Une véritable surprise liée à l’encre
Les scientifiques ont scanné le papyrus à la Diamond Light Source, une installation nationale située au Royaume-Uni et dotée d’un synchrotron, un accélérateur de particules qui produit un puissant faisceau de rayons X. Ils ont ensuite utilisé l’intelligence artificielle pour assembler les images obtenues, détecter la présence d’encre et améliorer la clarté des textes.
« Ce rouleau présente des sections très nettes, avec des couches qui peuvent être séparées assez facilement », explique Seales. « Néanmoins, la véritable surprise a été l’encre. Sa visibilité était bien plus marquée que sur les autres rouleaux dès le début. Par là, je veux dire que l’encre sur le papyrus était visible à plusieurs endroits, même avant que les méthodes basées sur l’intelligence artificielle ne soient utilisées pour en améliorer la lisibilité. »

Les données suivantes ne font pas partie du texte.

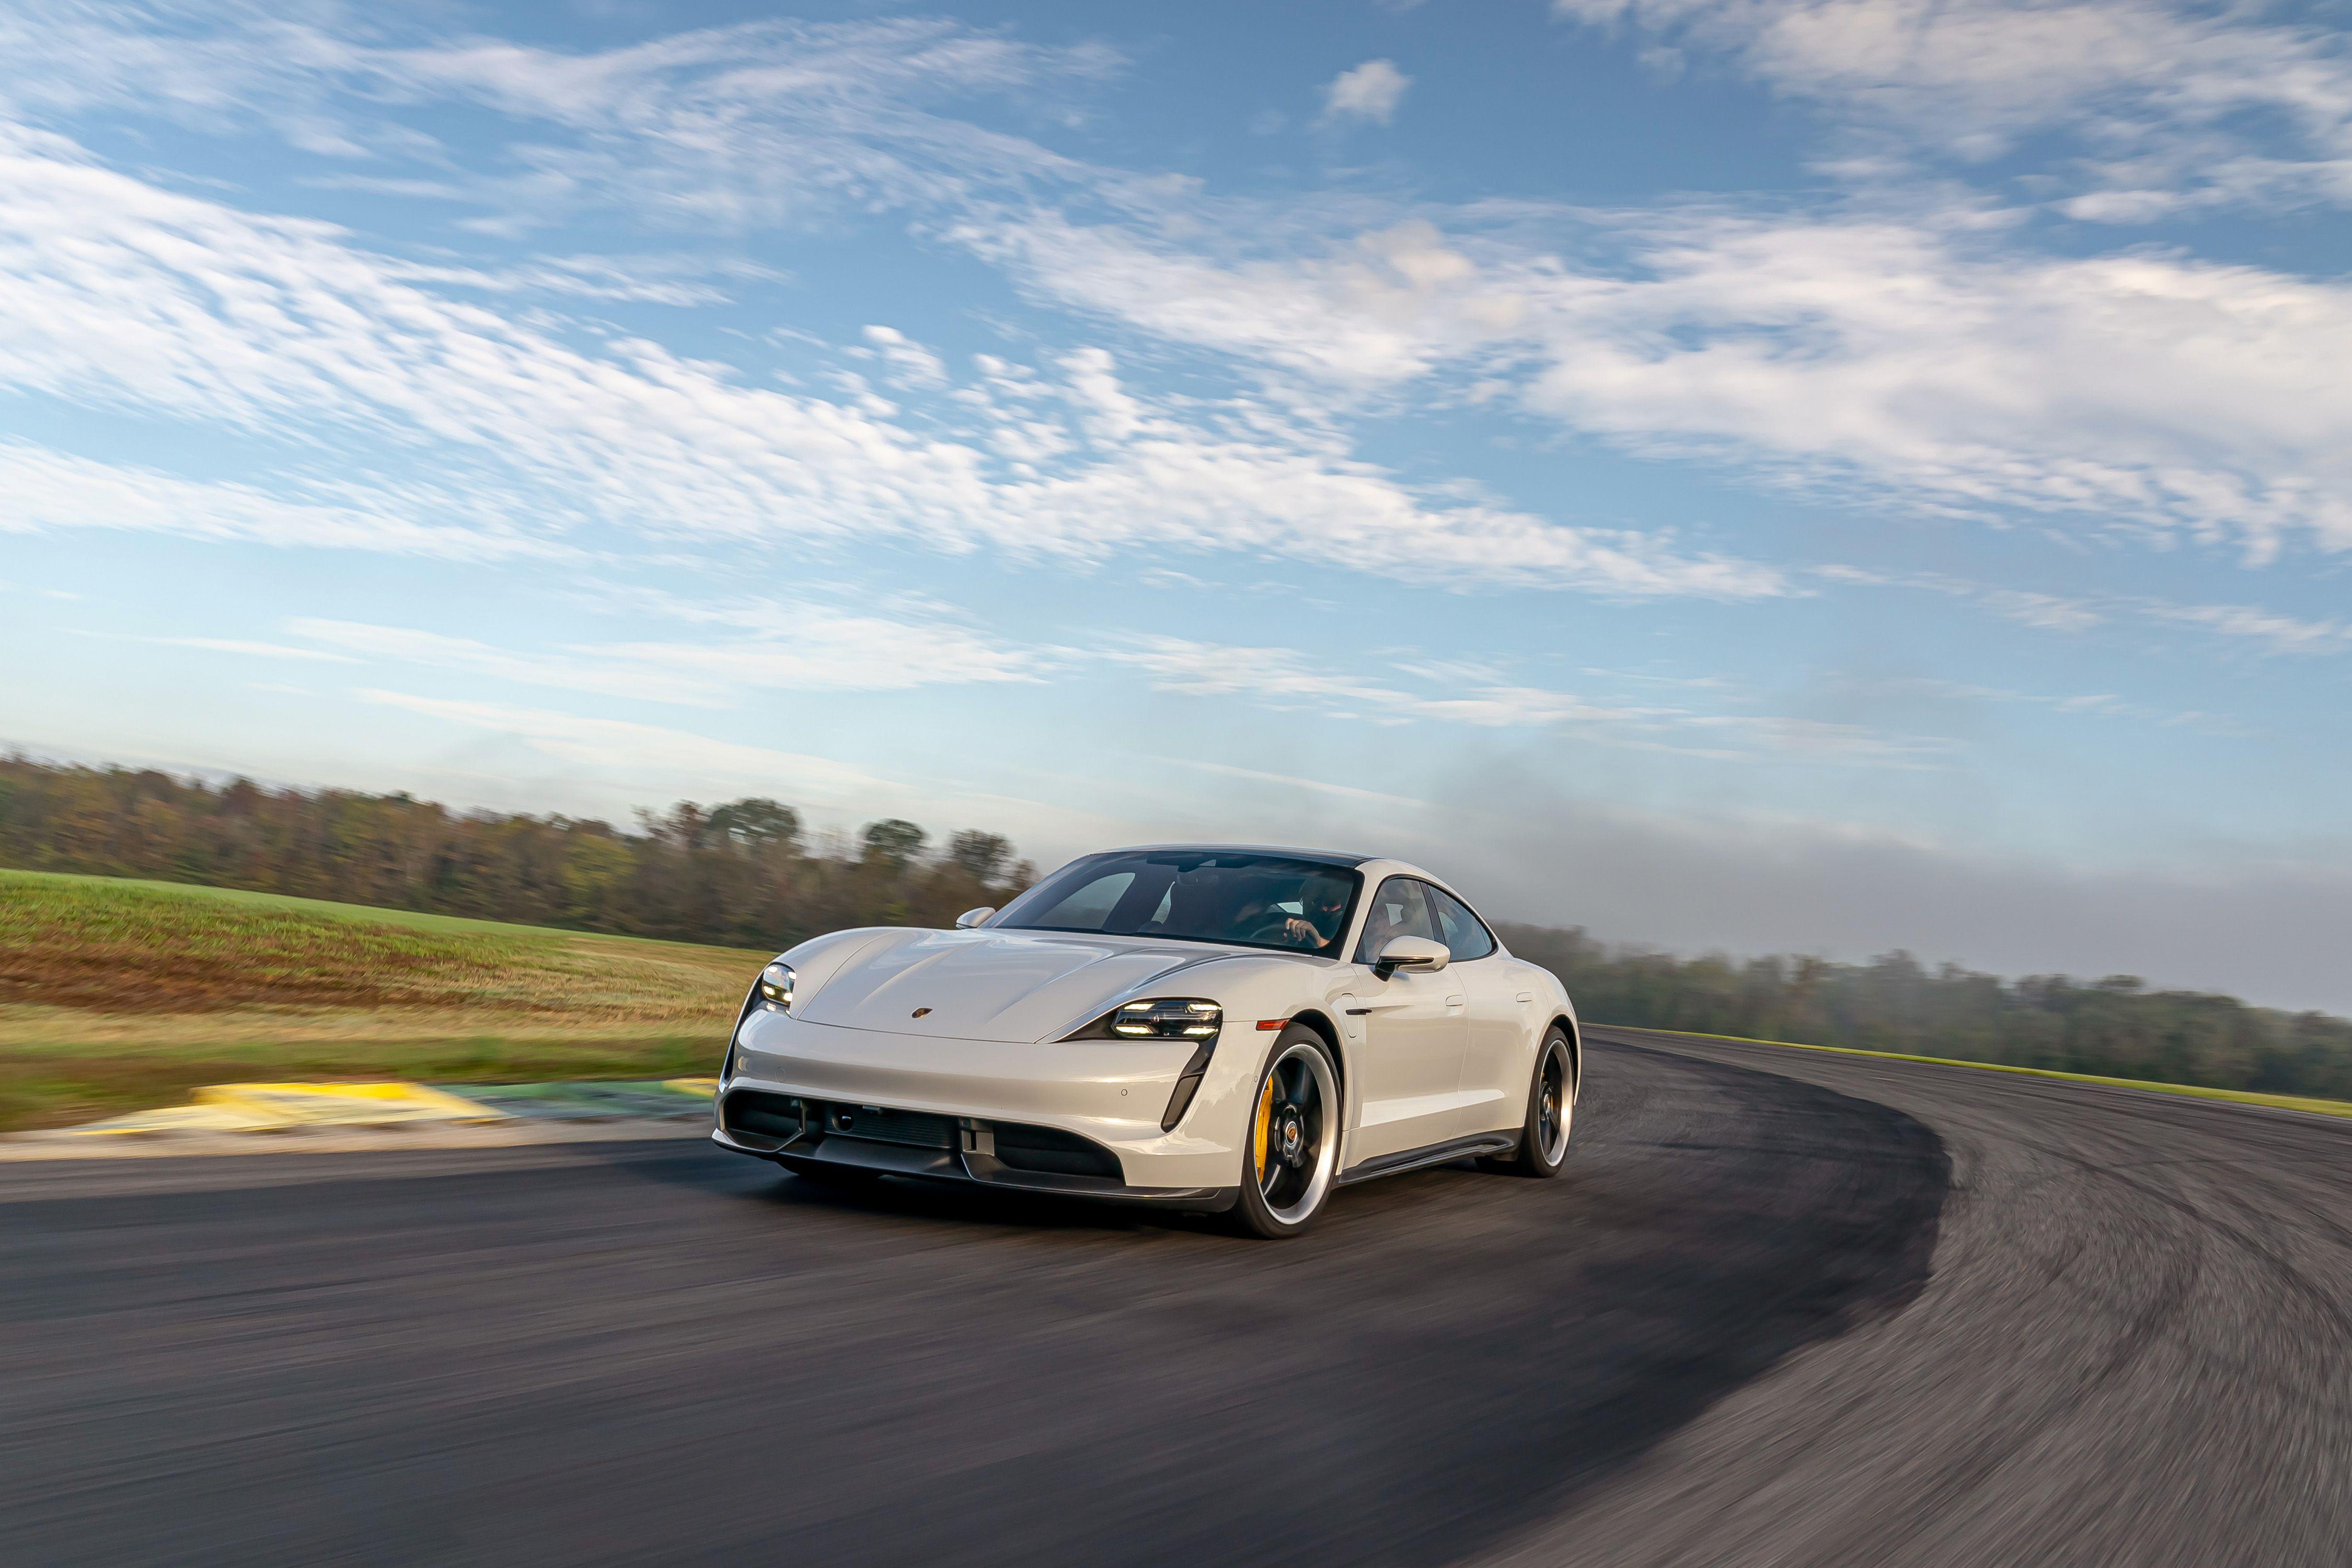 2020 Porsche Taycan Turbo S At Lightning Lap 2021

Selon les chercheurs, cette lisibilité serait probablement due à la composition chimique de l’encre. Elle pourrait effectivement contenir un contaminant plus dense, comme du plomb, bien que l’équipe doive mener d’autres analyses pour le confirmer. Quant au contenu du document, les modèles d’IA ne sont pas encore capables de comprendre la langue ni de reconnaître les caractères, du moins pas pour le moment. C’est donc là qu’intervient l’expertise humaine.
Alors que les spécialistes se penchent sur ce texte, le Vesuvius Challenge invite également le grand public à aider à déchiffrer ces rouleaux dans l’espoir de révéler encore plus de trésors de l’Antiquité. « Il existe un lien sacré entre un écrivain et ses lecteurs », s’émeut Seales. « Les idées des Anciens sont d’une remarquable actualité et transcendent le fossé technologique entre leur époque et la nôtre. » Et avec encore près d’un millier de rouleaux à Naples, cette découverte n’est que le début et nous positionne à l’aube de grandes et fascinantes révélations.